Memory\Cache Bytes Indicates the amount of memory being used for the file system cache. There will be a bottleneck if the value is greater than 300MB
Processor\%Idle Time % Idle Time is the percentage of time the processor is idle during the sample interval Below 20% and you are running at CPU saturation if this prolonged
Processor\Interrupts/sec The numbers of interrupts the processor was asked to respond to. Interrupts are generated from hardware components like hard disk controller adapters and network interface cards. A sustained value over 1000 is usually an indication of a problem. Problems would include a poorly configured drivers, errors in drivers, excessive utilization of a device (like a NIC on an IIS server), or hardware failure
Processor\%Processor Time Measures  how much time the processor actually spends working on productive threads and how often it was busy servicing requests. It actually provides a measurement of how often the system is doing nothing subtracted from 100%. This is a simpler calculation for the processor to make. The processor can never be sitting idle waiting to the next task, unlike our cashier. The CPU must always have something to do. It’s like when you turn on the computer, the CPU is a piece of wire that electric current is always running through, thus it must always be doing something. NT give the CPU something to do when there is nothing else waiting in the queue. This is called the idle thread. The system can easily measure how often the idle thread is running as opposed to having to tally the run time of each of the other process threads. Then , the counter simply subtracts the percentage from 100%. This counter is a natural choice that will give use the amount of time that this particular process spends using the processor resource.
Memory\Page Faults/sec This counter gives a general idea of how many times information being requested is not where the application (and VMM) expects it to be. The information must either be retrieved from another location in memory or from the pagefile. While a sustained value may indicate trouble here, you should be more concerned with hard page faults that represent actual reads or writes to the disk.

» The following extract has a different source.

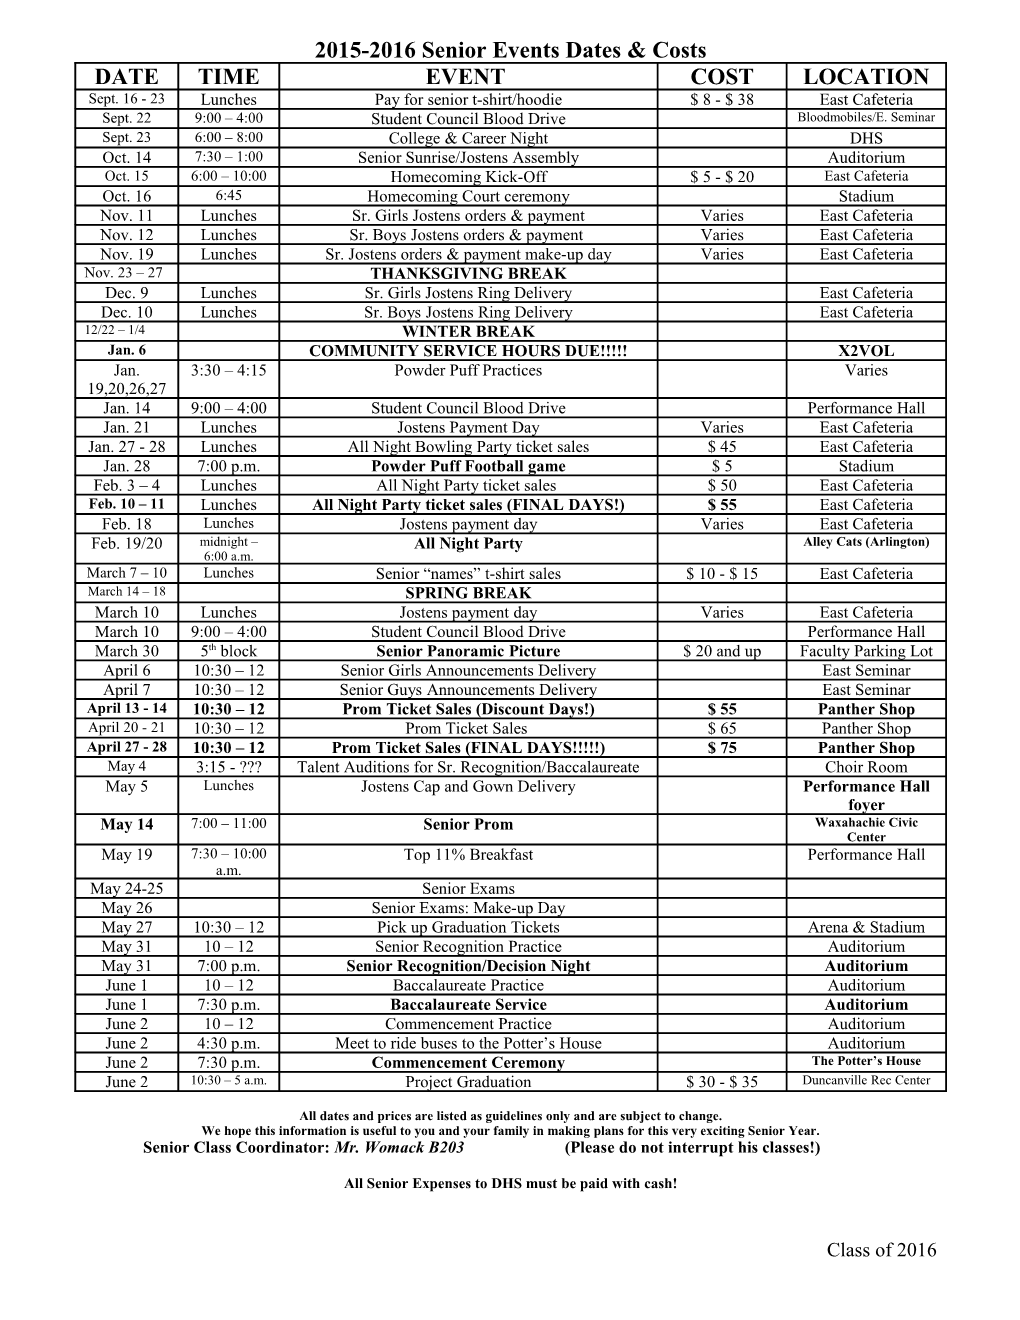 Seniors 2004 Events Calendar

Remember that the disk access is much slower than RAM
Memory\%Committed Bytes in use This counter indicates the total amount of memory that has been committed for the exclusive use of any of the services or processes on Windows NT. Should this value approach the committed limit, you will be facing a memory shortage of unknown cause, but of certain severe consequence.
Memory\Available Bytes This counter indicates the amount of memory that is left after nonpaged pool allocations, paged pool allocations, process’ working sets, and the file system cache have all taken their piece.
System\System Calls/sec This counter is a measure of the number of calls made to the system components, Kernel mode services. This is a measure of how busy the system is taking care of applications and services—software stuff. When compared to the Interrupts/Sec it will give you an indication of whether processor issues are hardware or software related. See Processor : Interrupts/Sec for more information
System\Threads Threads is the number of threads in the computer at the time of data collection. This is an instantaneous count, not an average over the time interval.  A thread is the basic executable entity that can execute instructions in a processor. Monitor loosely
System\Processor Queue Length Gives an indication of how many threads are waiting for execution. If this counter is consistently higher than around 5 when processor utilization approaches 100%, then this is a good indication that there is more work (active threads) available (ready for execution) than the machine’s processors are able to handle. Note that this is not always a hard and fast indicator however, for some services like IIS 6 pool and manage their own worker threads, so on a busy web server for example you would want to look at other counters like ASP\Requests Queued or ASP.NET\Requests Queued as well. Furthermore, the larger the number of active services and applications running on your server, the busier the processor queue will normally be, so on a multi-role server running near 100% utilization content may only be a significant factor once System\Processor Queue Length exceeds something like 10 instead of 5 as mentioned previously.
Network Interface : Bytes Sent/sec This is how many bytes of data are sent to the NIC. This is a raw measure of throughput for the network interface. We are really measuring the information sent to the interface which is the lowest point we can measure. If you have multiple NIC, you will see multiple instances of this particular counter. Dependent on NIC Speed
Network Interface: Bytes Received/sec. This, of course, is how many bytes you get from the NIC. This is a measure of the inbound traffic In measuring the bytes, NT isn’t too particular at this level. So, no matter what the byte is, it is counted. This will include the framing bytes as opposed to just the data Dependent on NIC Speed

 

Performance and Resource Monitoring in Windows Server 2008

What does Windows Reliability and Performance Monitor do?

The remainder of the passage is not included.